ベレメンド村では重い桶に食材を入れて運んでいたが、ここではもっと軽い竹の篭に食材を入れている。

上から水をかければ簡単に野菜が洗えるし、水に篭を浸し芋を転がすと籠がたわしの役割をし簡単に泥が落ちる。


 聞けば、エルフは子供の頃から冬の時期に手遊びでこの竹篭を編むらしく、ほとんどのエルフが編めるのだとか。

行商で売りに出したらどうかとイリーナに言ったところ、恥ずかしいとのことだった。



 ベレメンド村で水汲み器を作った時、一番困ったのが水を汲み上げる管だった。

あの時は、木の棒に皮を巻き付けそれをにかわで固めた。

今回はその必要が無く、しかも前回よりも管の内径が狭い。


 バラネシュティ首長の話によると、バラネシュティの祖父が子供の頃には竹は一本も生えていなかったらしい。

ある時、小麦が大不作だった年があり海外から小麦を輸入した。

その時にネズミが一緒に船に乗って来たらしく、ロハティンで下船しベルベシュティの森に逃げ込んだ。

どうやらその時の糞の中に竹の種が混ざっていたらしい。

ただそう言い伝えられてはいるものの、バラネシュティも幼い頃に一度だけしか竹が花を咲かせるのを見たことが無いのだとか。

その話は各村によってネズミじゃなくリスだったり渡り鳥だったりしているそうだ。


 竹を貰ったドラガンは、節で切ってみて中がどうなっているのか確認してみた。

中身が空洞の植物を初めて見た。

一体この植物はどうやって栄養を取り込んでいるのだろう?

中に水を入れて柔らかい木で蓋をし一日置いてみたが、中の水はほとんど減っていない。

エルフたちもこれを水筒として使っているそうで、新鮮な飲み水が必要な時には何本も用意して水を汲みに行くのだとか。



 ベレメンド村の時もそうだったが、水汲み器はあの後すぐに壊れた。

エルフの首長たちが散々試した後、エルフの子供たちが試した。

大人たちに比べ、子供たちは加減というものを知らず、あっさり持ち手が取れたのだった。

エルフの子供は自分が壊したと泣き出してしまったのだが、ドラガンは試作品で最初から脆かったから泣かなくて良いよと慰めた。


 翌日からドラガンは、人間の居住区とエルフの居住区を行き来し汲上げ器を作ってもらった。

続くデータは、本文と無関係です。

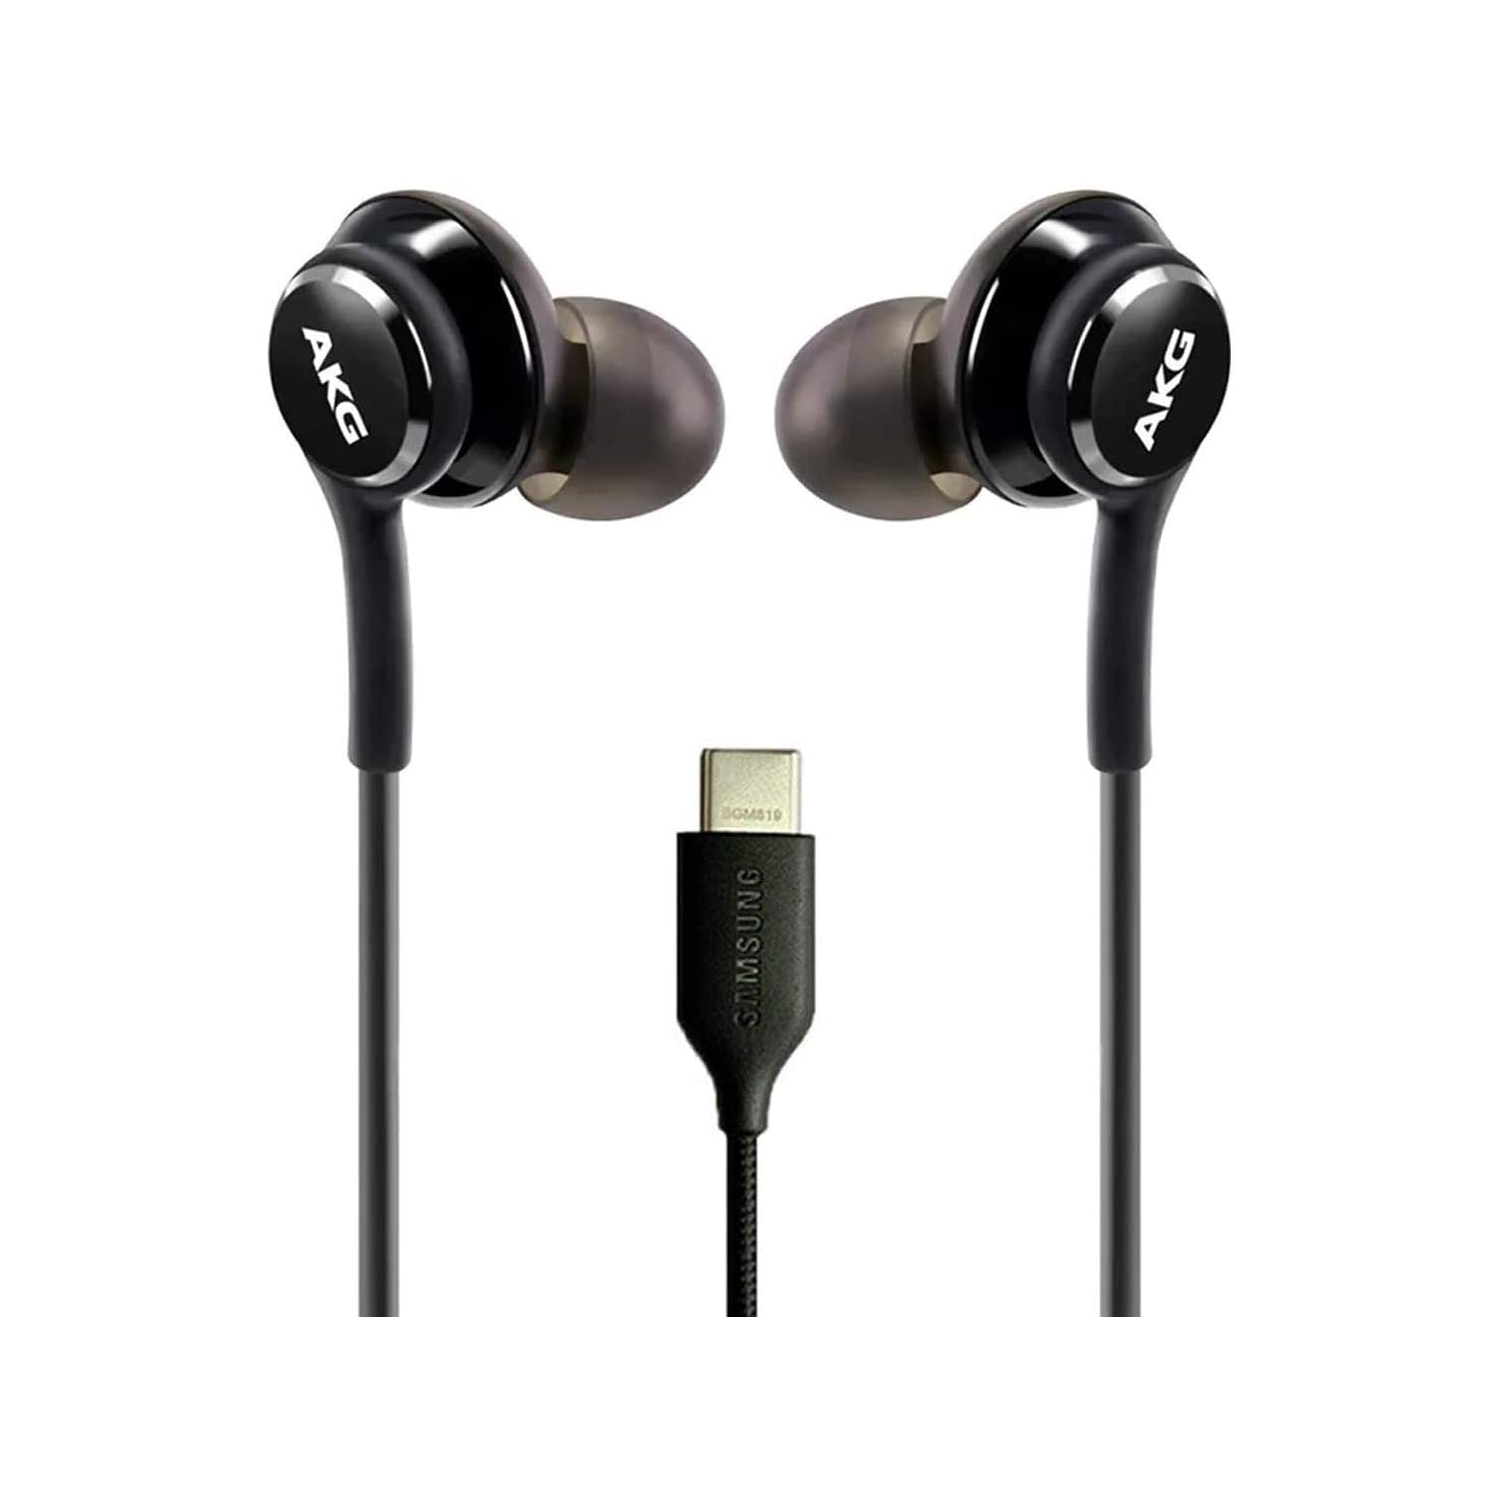 |HWS| AKG Type USB-C Connector Stereo Headsets Headphones Earphones & Mic for Samsung S9 S10 S20 Note 8 9 Plus, Black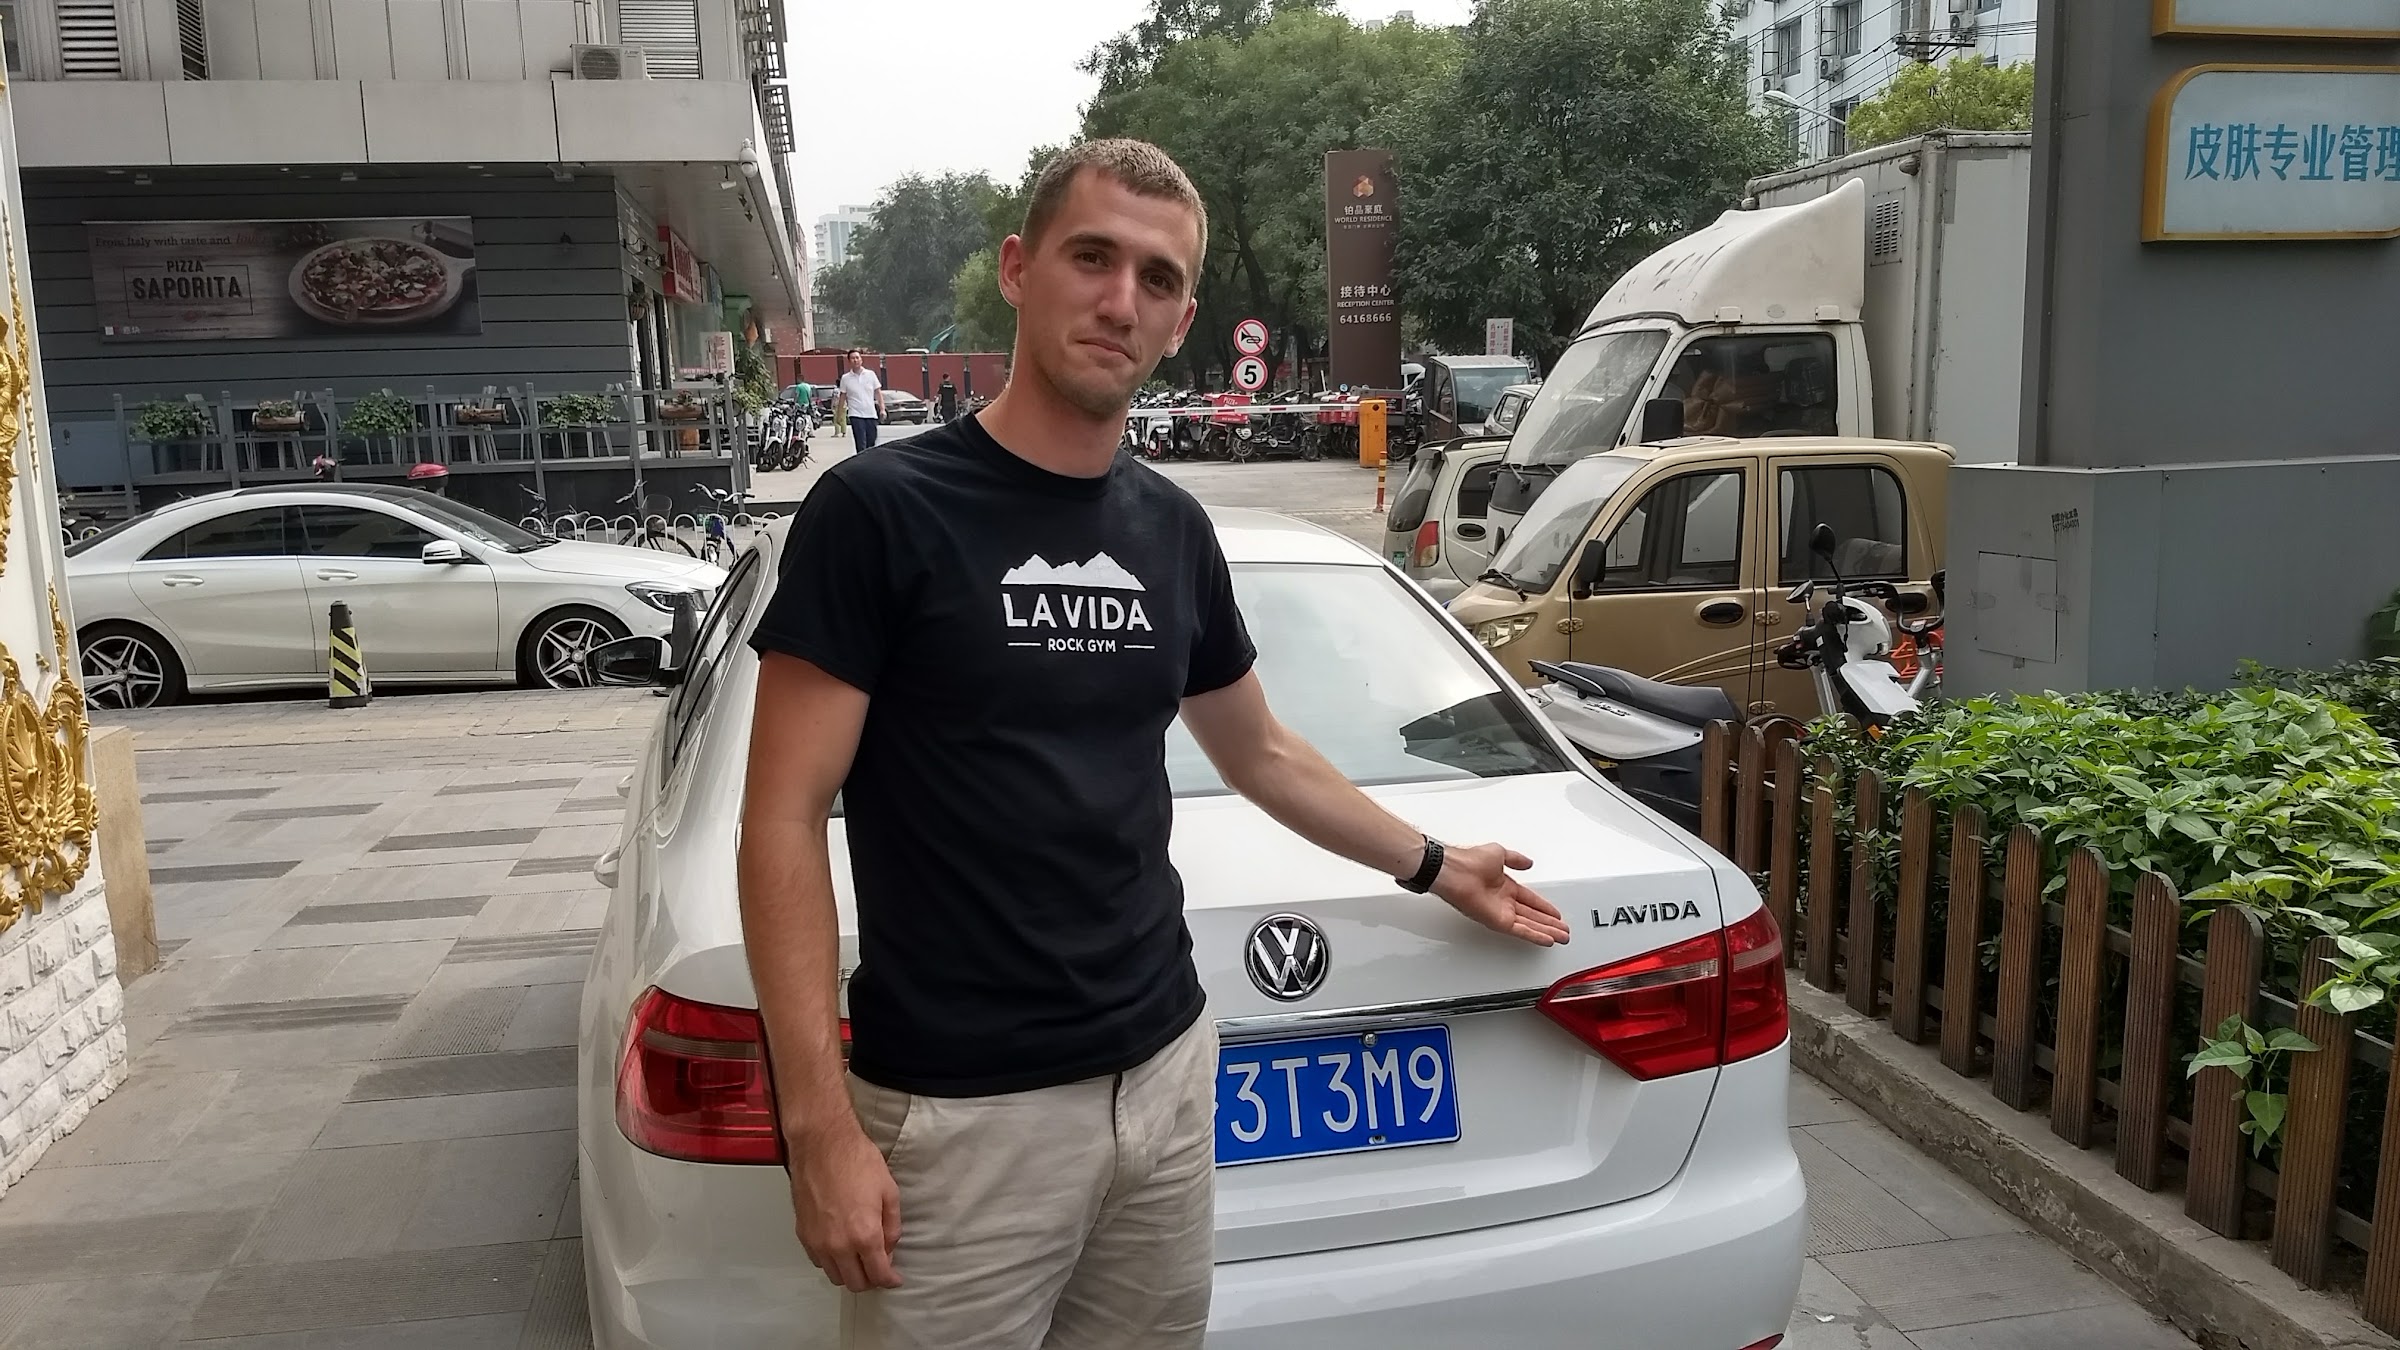 La Vida car in China

金属を成型するのに、キシュベール地区では型に溶けた鉄を流し入れていた。

ところがここベルベシュティ地区は、金属の板を金床に乗せ、金槌で叩いて薄く延ばし形を変えていく。

見た目はボコボコしているが、キシュベール地区のやり方より軽くて薄いものができる。



 数日で最初の水汲みが出来上がった。

本当に使用できるものなのかどうか人間たちも半信半疑だった。

それくらい構造が単純だったのである。

水汲み器が機能するとわかると人間たちは喜び、ドラガンの手を取り、次はどの井戸に付けようと言い合った。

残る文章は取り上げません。